Prompt: The answer must consist solely of the lines below starting at the one containing "Pershing 90 Yacht Charter" and ending at the one containing "Мужская кофта - Худи Shark - акула, черная", repeated exactly, with both ends included and all pictures omitted.

Given records Block Start

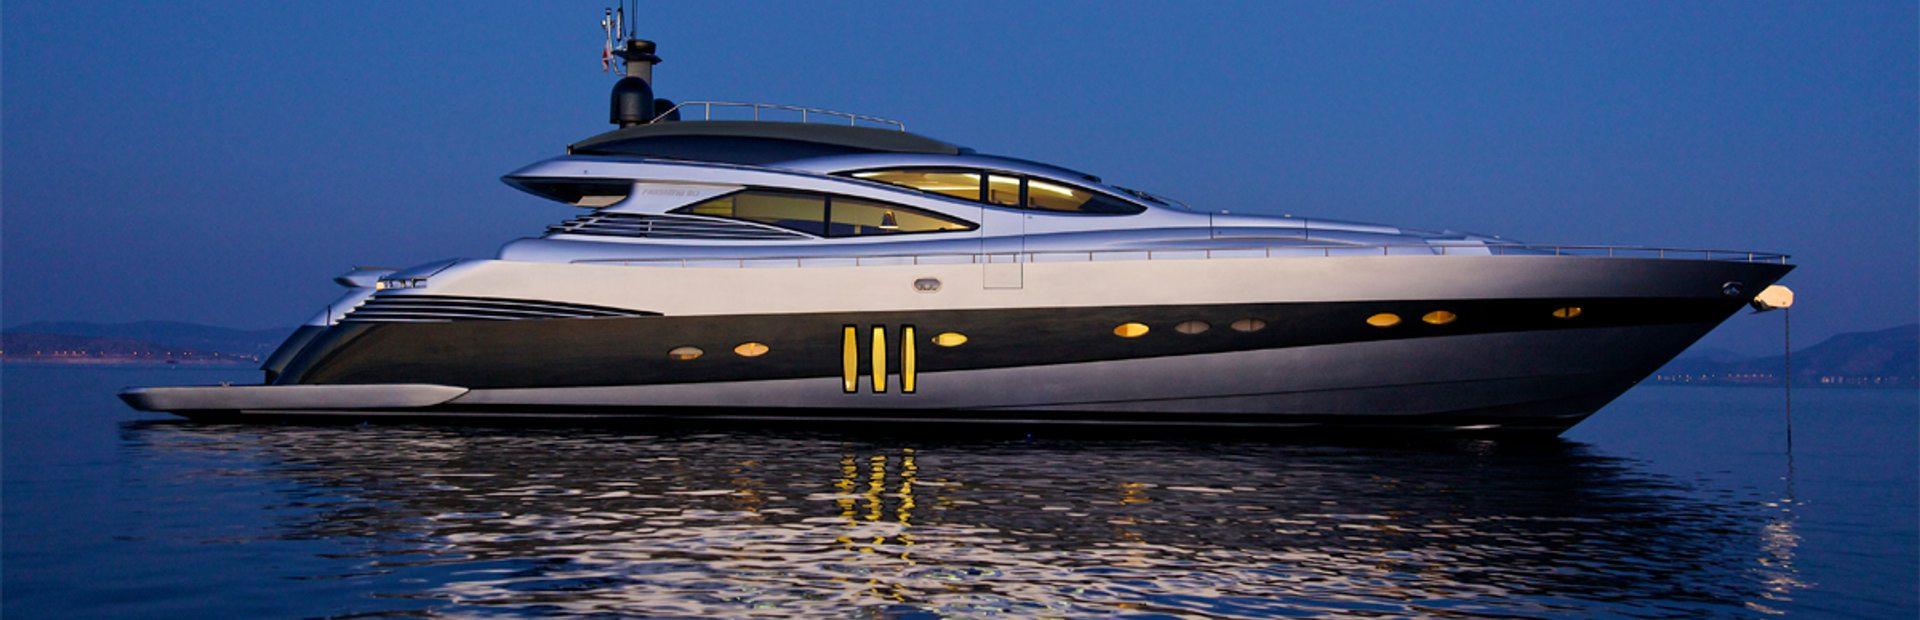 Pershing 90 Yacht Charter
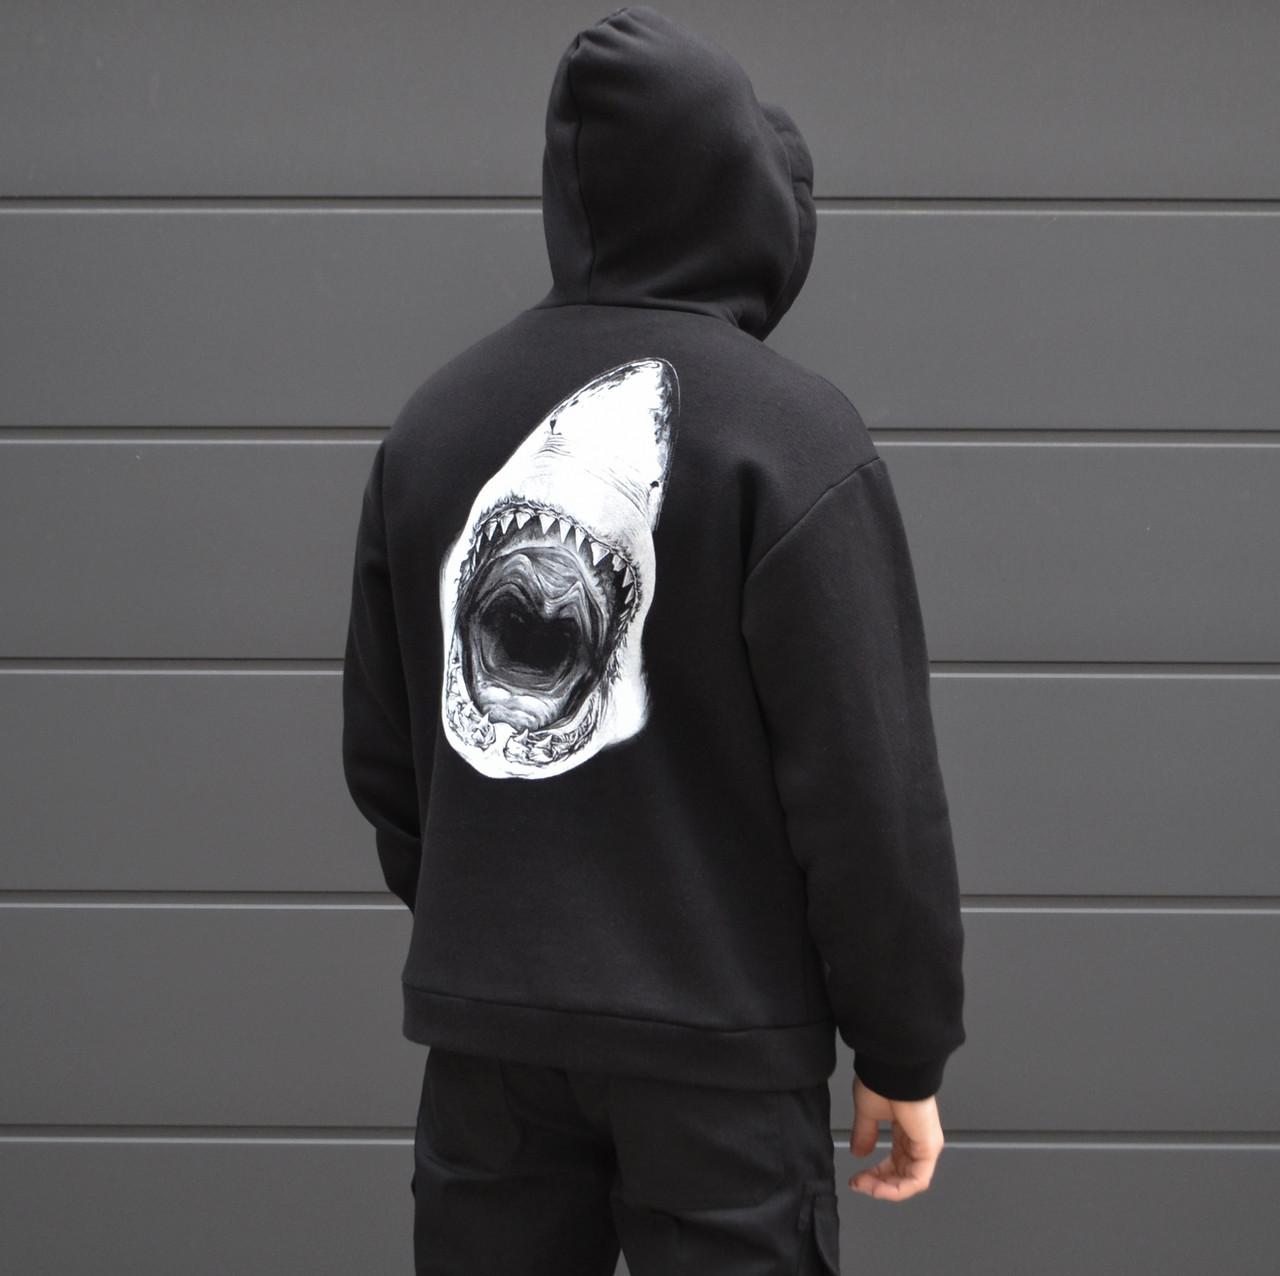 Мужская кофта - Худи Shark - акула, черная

Given records Block End
Given records Block Start

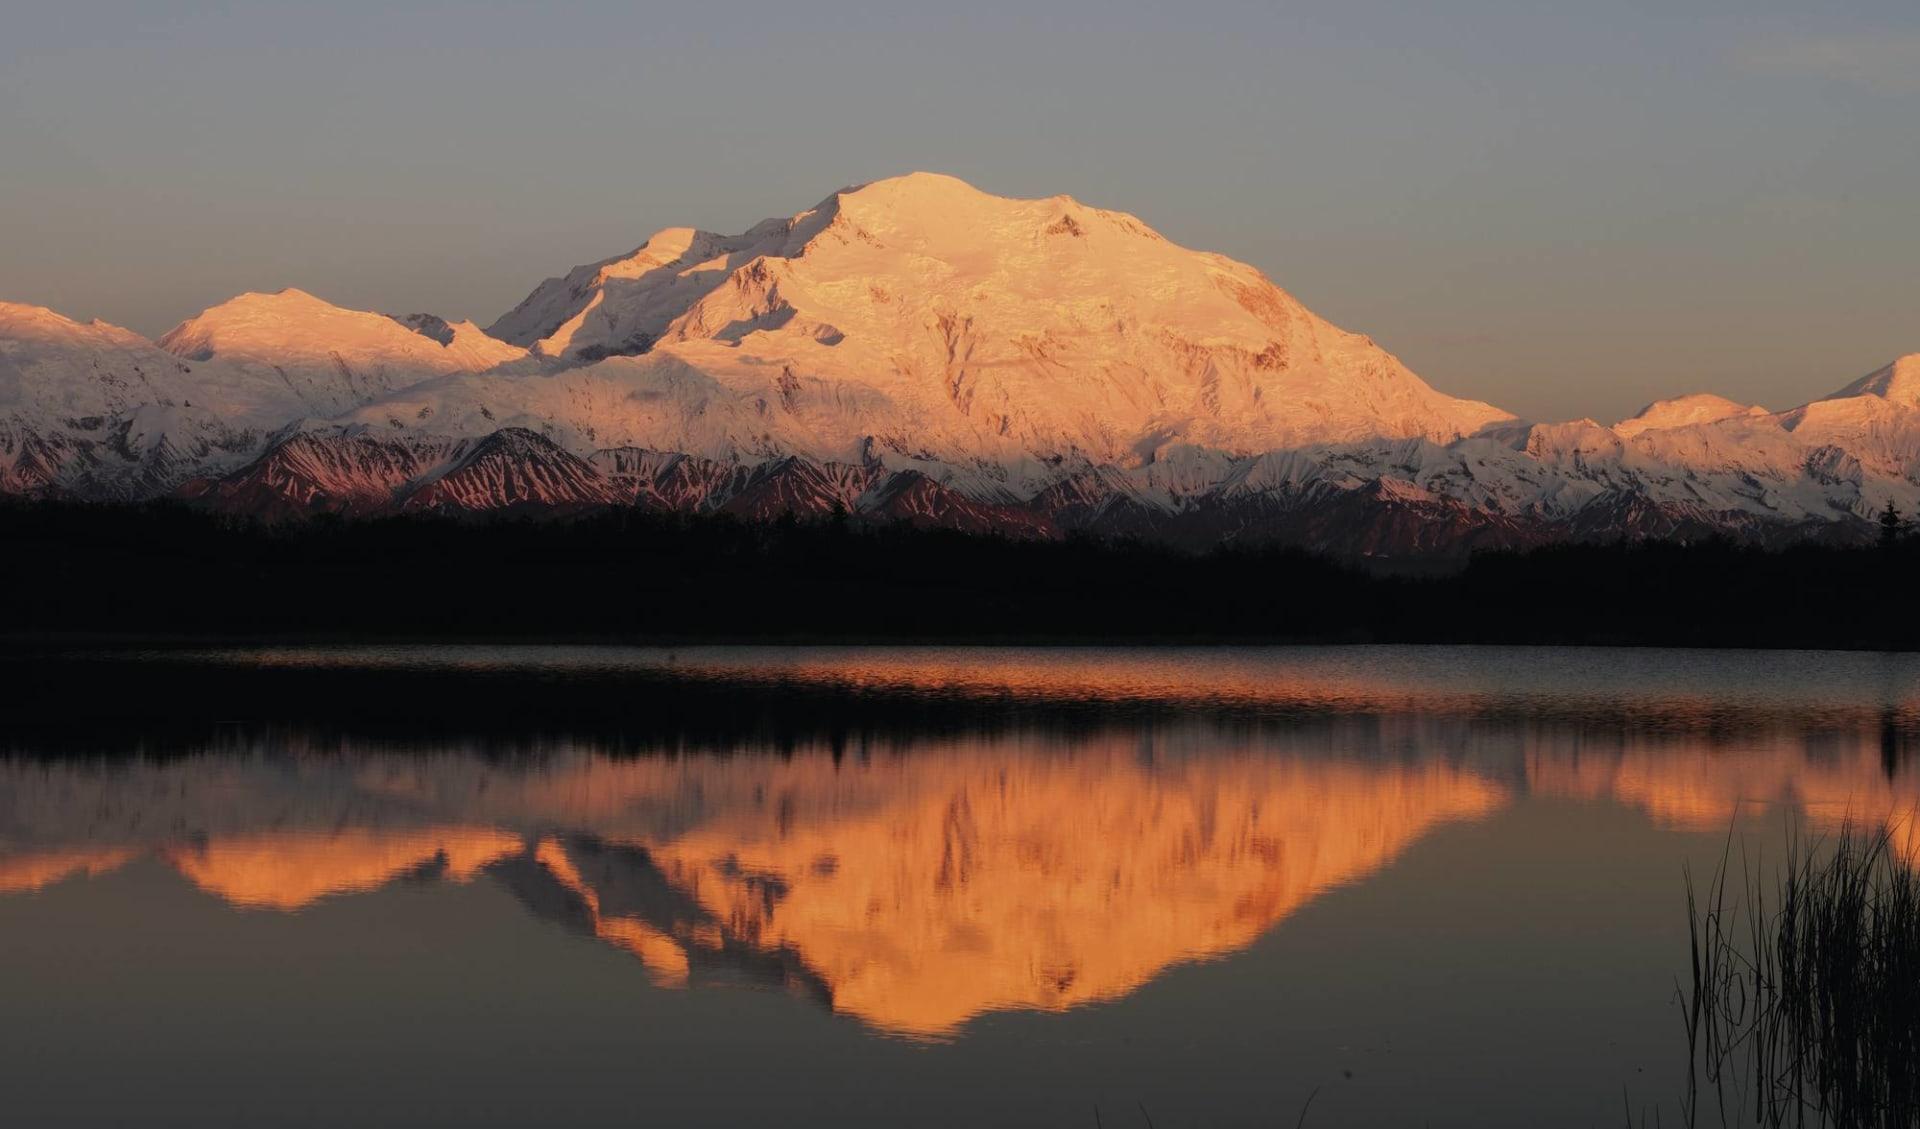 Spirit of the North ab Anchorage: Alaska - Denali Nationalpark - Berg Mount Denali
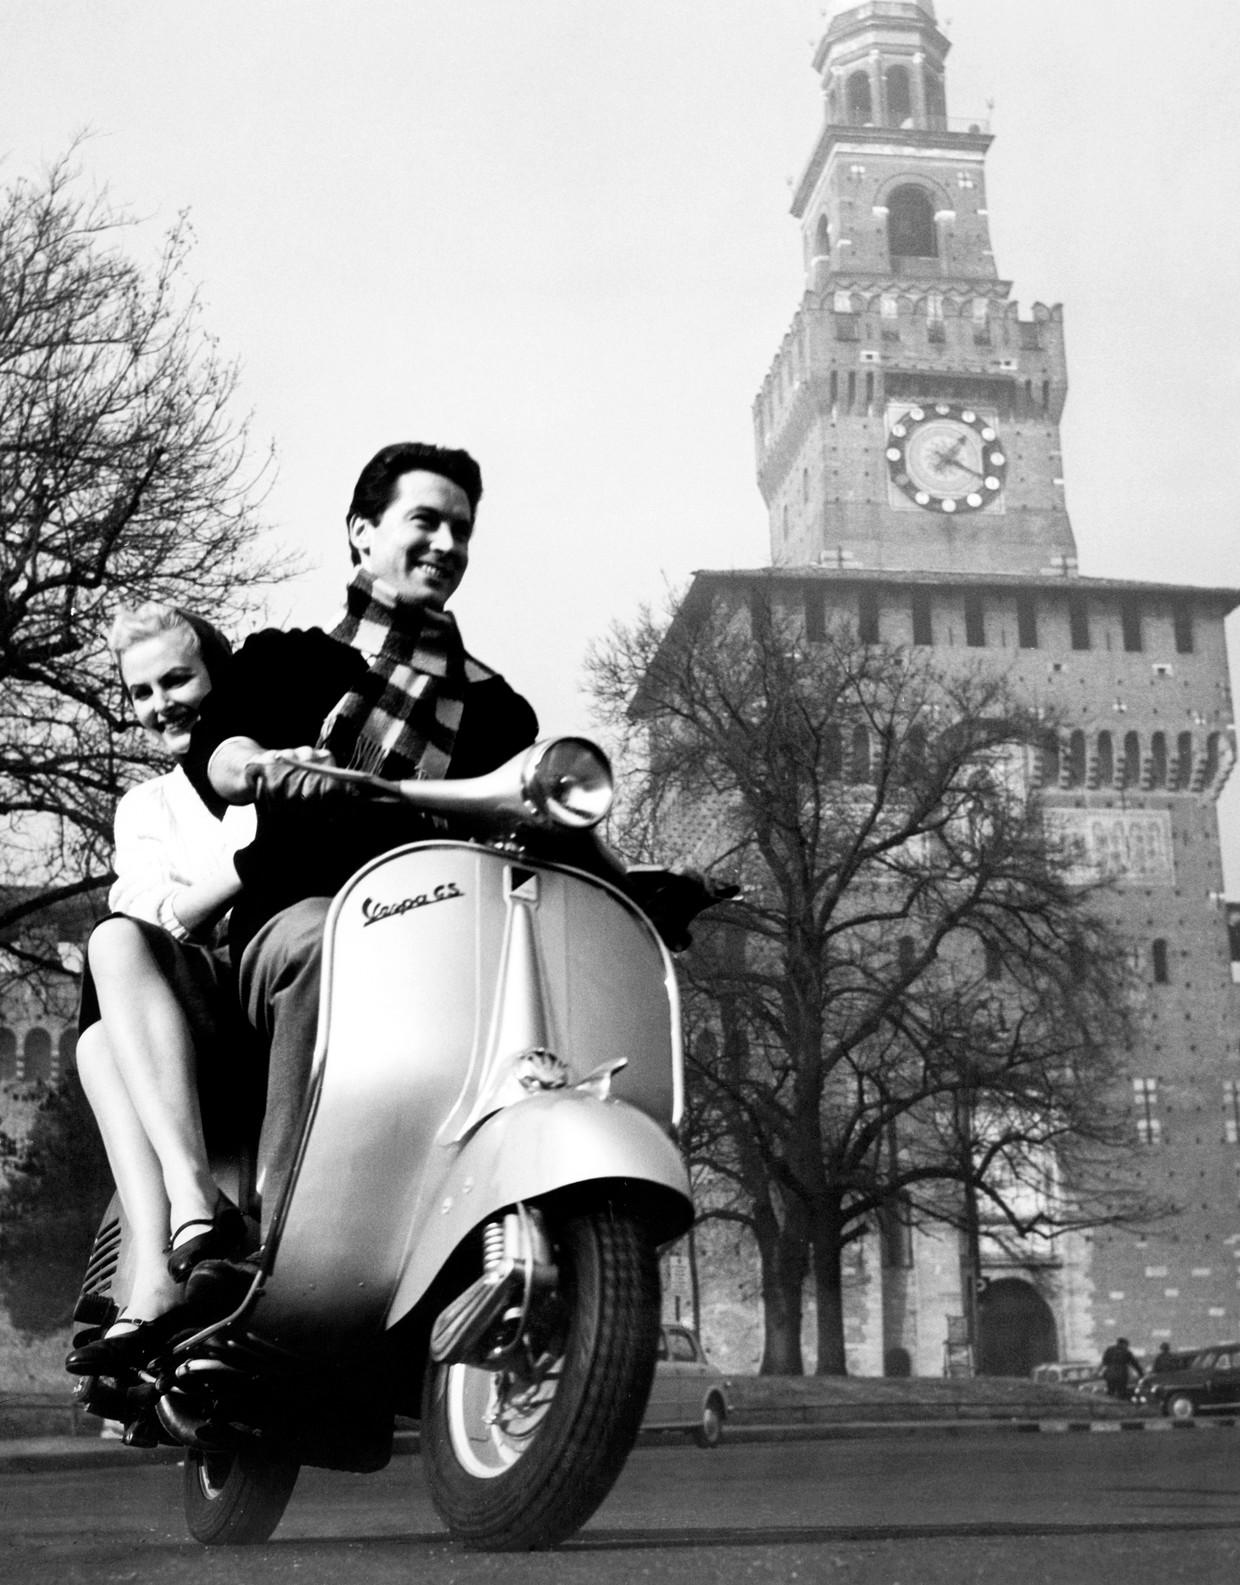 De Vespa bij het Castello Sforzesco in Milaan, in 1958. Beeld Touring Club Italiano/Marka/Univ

Given records Block End
Given records Block Start

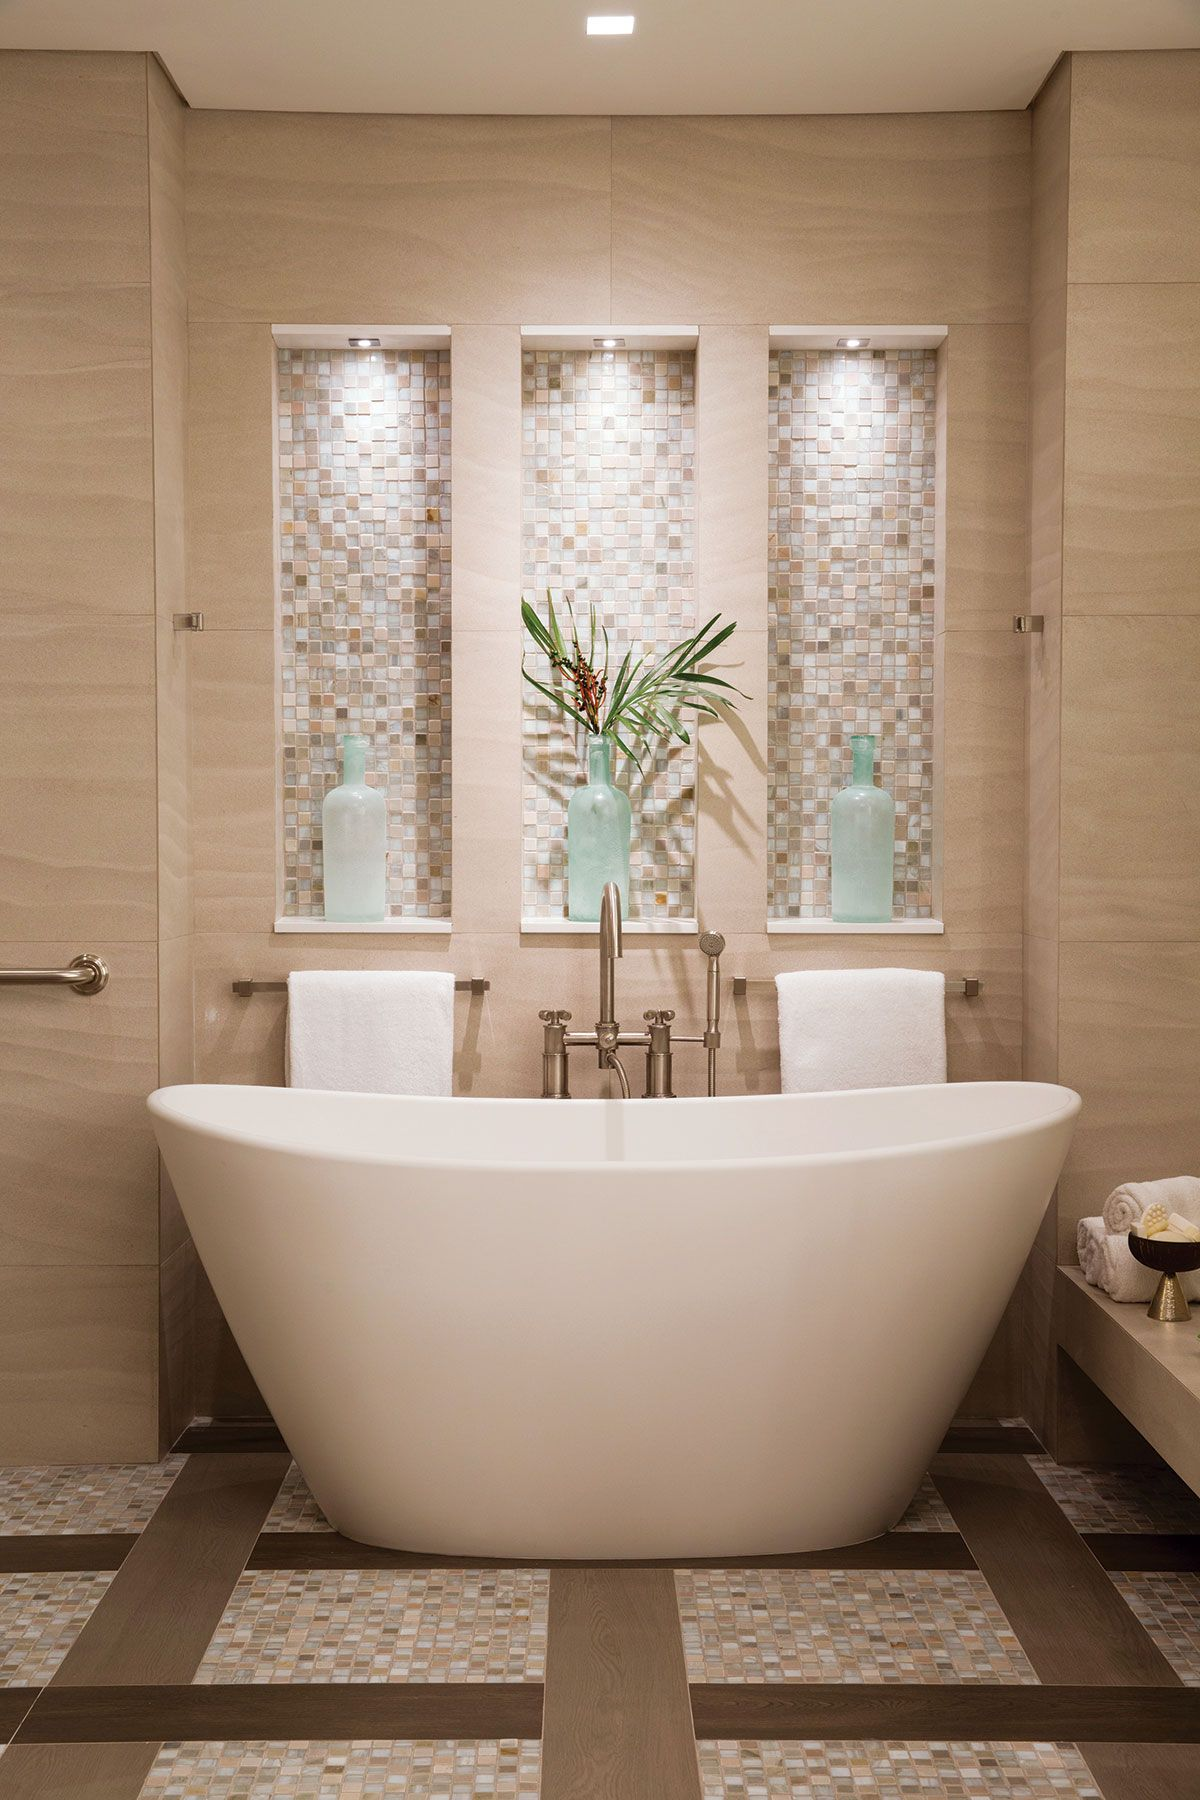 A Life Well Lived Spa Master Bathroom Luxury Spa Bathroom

Given records Block End

Solved problem:
 Pershing 90 Yacht Charter
 Мужская кофта - Худи Shark - акула, черная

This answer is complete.